En El año del diluvio, Jaime Chávarri adapta a la gran pantalla la novela homónima de Eduardo Mendoza. Desarrollado en 1953 en un pueblo catalán, el guión describe el drama de sor Consuelo, la superiora de la comunidad de religiosas que atiende el destartalado hospital del lugar. Activa y simpática, la monja busca financiación para convertir el hospital en un asilo de ancianos. Para ello contacta con el terrateniente del pueblo, Augusto Aixalá, un hombre descreído y mujeriego, que acaba seduciendo a la religiosa. De este modo se despierta también en ella un fuerte sentimiento, que hará peligrar su vocación. Mientras, los maquis, desesperados por la sequía, se acercan al pueblo cada vez más.
A pesar de lo escabroso del tema central, Chávarri se ha mostrado elegante en su tratamiento, ofreciendo una mirada amable sobre la Iglesia. Sin embargo, el personaje de la monja, y con él toda la película, está lastrado de un defecto esencial: los guionistas desconocen lo que es una experiencia de fe verdadera, y la naturaleza de una vocación. Por eso, la forma en que sor Consuelo afronta su debilidad y su vida posterior es ajena a lo que cualquier mujer de fe habría hecho, y sucumbe a un escepticismo inmanentista muy poco creíble.

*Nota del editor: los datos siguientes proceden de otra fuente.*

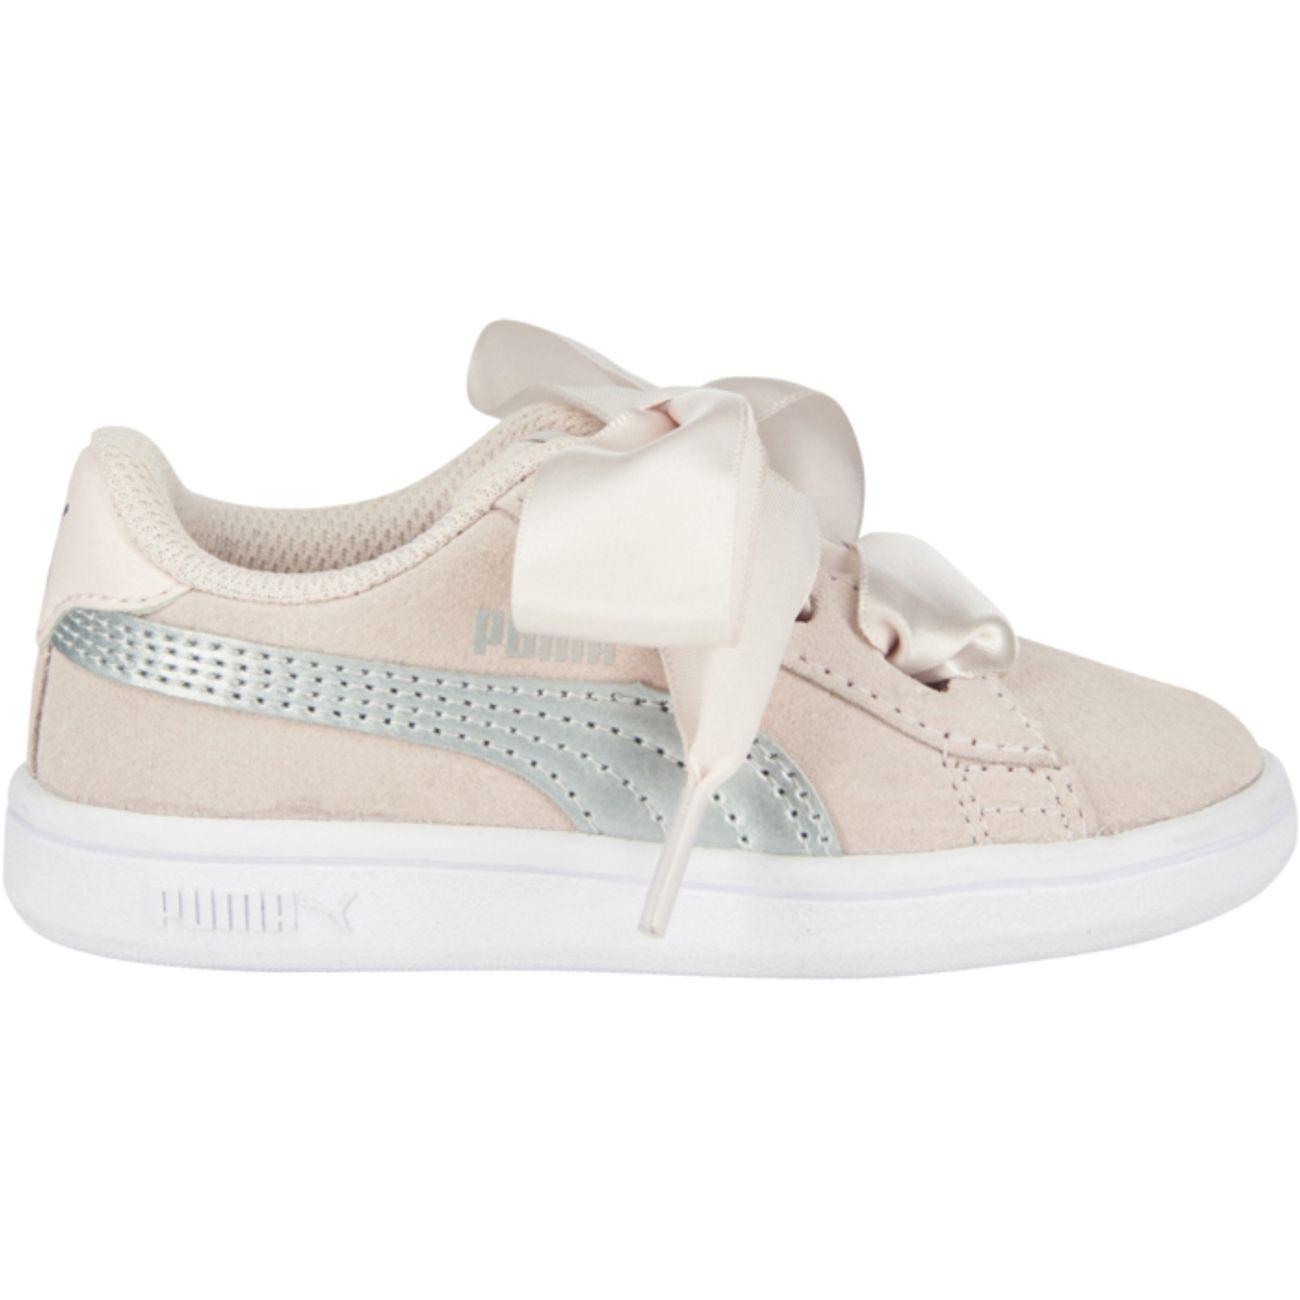 L Smash V2 8ny0x6ai Puma Enfant Regimentationse Chaussures AScjRq35L4

La película está realizada con esmero, pero no acierta con el tono, y brinda situaciones que rozan el surrealismo. Se aprecian las buenas intenciones, y el oficio de Chávarri y los actores; pero no cuentan con la óptica adecuada para afrontar una historia de esta naturaleza. De hecho, secuencias tan decisivas como el parto durante el diluvio carecen de la tensión dramática que deberían tener. También resulta molesto el constante doblaje de Fanny Ardant, bien declamado por Mercedes Sampietro, pero a menudo demasiado evidente y distanciador.